À mon Vénéré futur administrateur de la phynance publique !
Nous avons tous les deux quelques controverses doctrinales : un de nos sujets favori reste le sort de la TVA sociale.
Lui veut l'appeler « TVA », pour être censée fonctionner comme de la TVA (impôt indirect sur la marge brute des assujettis, financé par le consommateur dans le prix de vente TTC, non assujetti par définition) ; et « sociale » pour échapper aux plafonds fixés par l'Europe, à 25 %.

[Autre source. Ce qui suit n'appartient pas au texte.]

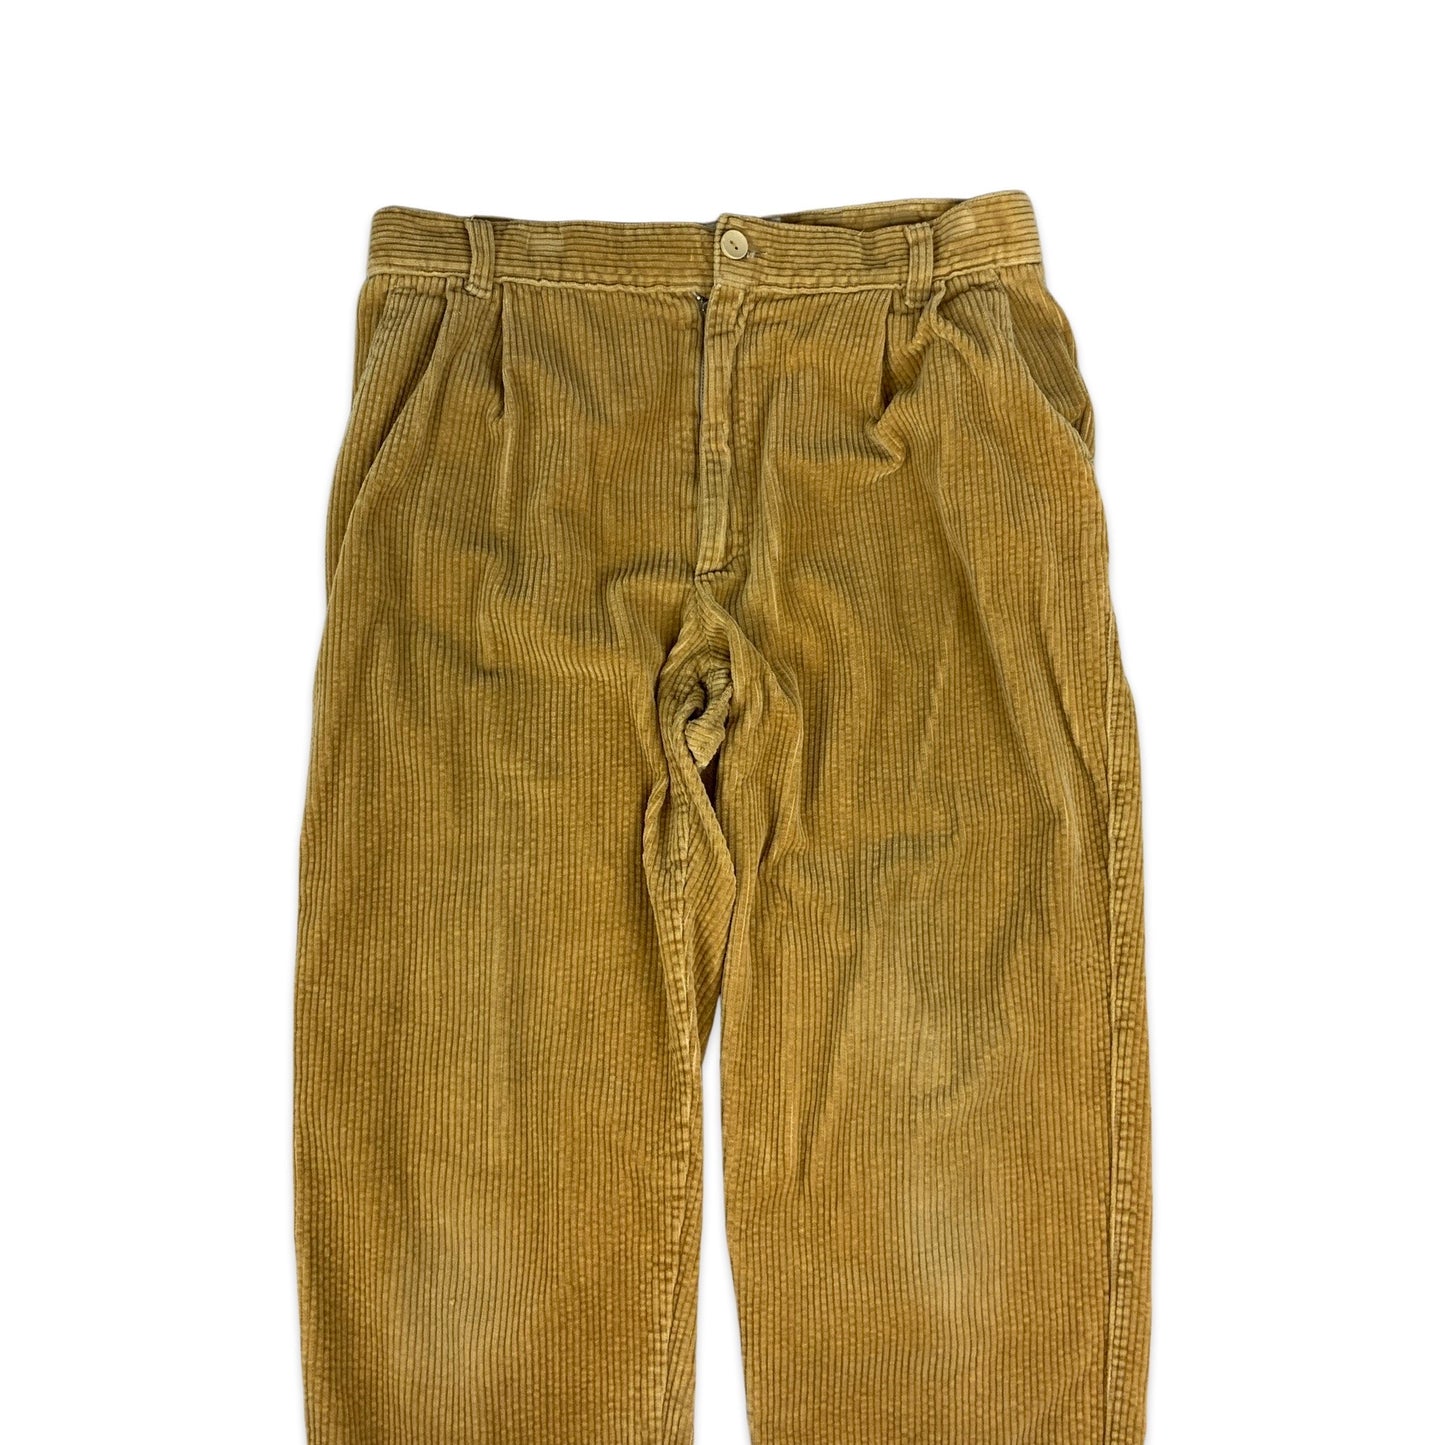 Vintage Beige Pleated Corduroy Trousers 34W 29L

D'autres veulent l'appeler « Cotisation Sociale sur la Valeur Ajoutée » et vous vous souvîntes tous que l'année passée, ça m'avait quelque peu hérissé le poil sur la tête et sur le menton !
Pourquoi ?
Non pas parce que c'était une idée au « Chi finissant », mais parce qu'il y a plusieurs définitions de la « Valeur Ajoutée » ! C'est comme ça et les gens qui causent dans le poste sans savoir de quoi ils causent, ça a une tendance indéniable à faire monter ma tension et à perturber ma sereine digestion !
Revenons donc à nos moutons. Globalement les prélèvements obligatoires en tout genre de ce pays représentent environ 6 mois de « création de valeur », tout confondu...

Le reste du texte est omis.